Kommentar

Traumfabrik Amazon

25. November 2010
Redaktion Börsenblatt
Schaut man sich die Vertrags­bedingungen des frisch gegründeten Online-Filmstudio von Amazon genauer an, bleibt ein fader Nachgeschmack. Ein Kommentar von Börsenblatt-Redakteurin Sandra Schüssel.
Samtsessel, Popcorn, der Kinovorhang geht auf: Im Vorspann brüllt nicht mehr der Löwe des Hollywood-Filmstudios Metro-Goldwyn-Mayer. Stattdessen flimmert "Produced by Amazon Studios" über die Leinwand. Schöne neue Kinowelt?
Zunächst einmal klingt alles toll beim frisch gegründeten Online-Filmstudio von Amazon: junge Talen­te fördern, überkommene Hollywood-Hierarchien abschaffen und für mehr Demokratie bei der Filmproduktion sorgen – ein lobenswertes Vorhaben.
Schaut man sich die Vertrags­bedingungen jedoch genauer an, bleibt ein fader Nachgeschmack. Mit dem Hochladen eines Scripts bei Amazon Studios gibt ein Autor die Verwertungsrechte vollständig an Amazon ab. In den ersten­ 18 Monaten darf er sein Stück nicht an andere verkaufen – auch wenn andere Käufer höhere Preise bieten. Will Amazon das Script für weitere 18 Monate behalten, muss der Autor zustimmen. Für die wenigen erfolgreichen Autoren kann der Vertrag damit zum Knebel werden – und Geld in die Kassen zweier Unternehmen spülen, die ohnehin schon zu den mächtigsten der Welt gehören: Amazon und Partner Warner Bros. Pictures.

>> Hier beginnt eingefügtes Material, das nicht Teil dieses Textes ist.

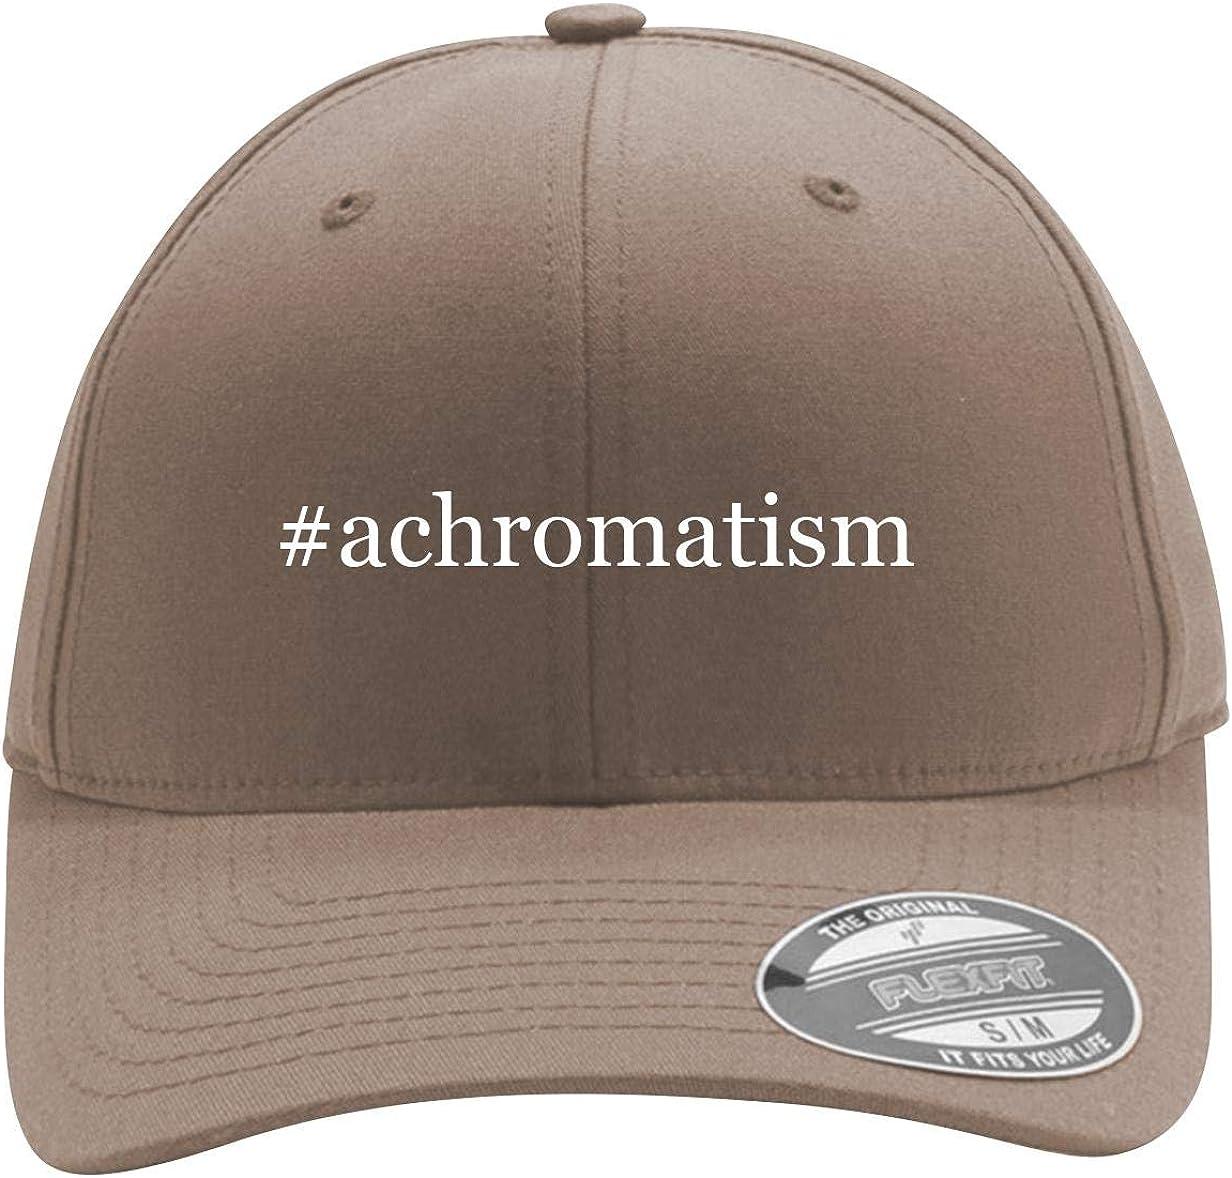 #Achromatism - Men's Hashtag Flexfit Baseball Cap Hat

Zweifelhaft auch, ob das Prinzip "Crowdproducing" ein Filmscript wirklich besser macht. Wenn die Netzgemeinde einen Entwurf verändern und umschreiben kann, bleibt am Ende ein mainstream-konformer Einheitsbrei. Einen kantigen Polanski oder Fellini würde die Traumfabrik Amazon mit der eingebauten Schleuse durch den Massengeschmack wohl nicht hervorbringen.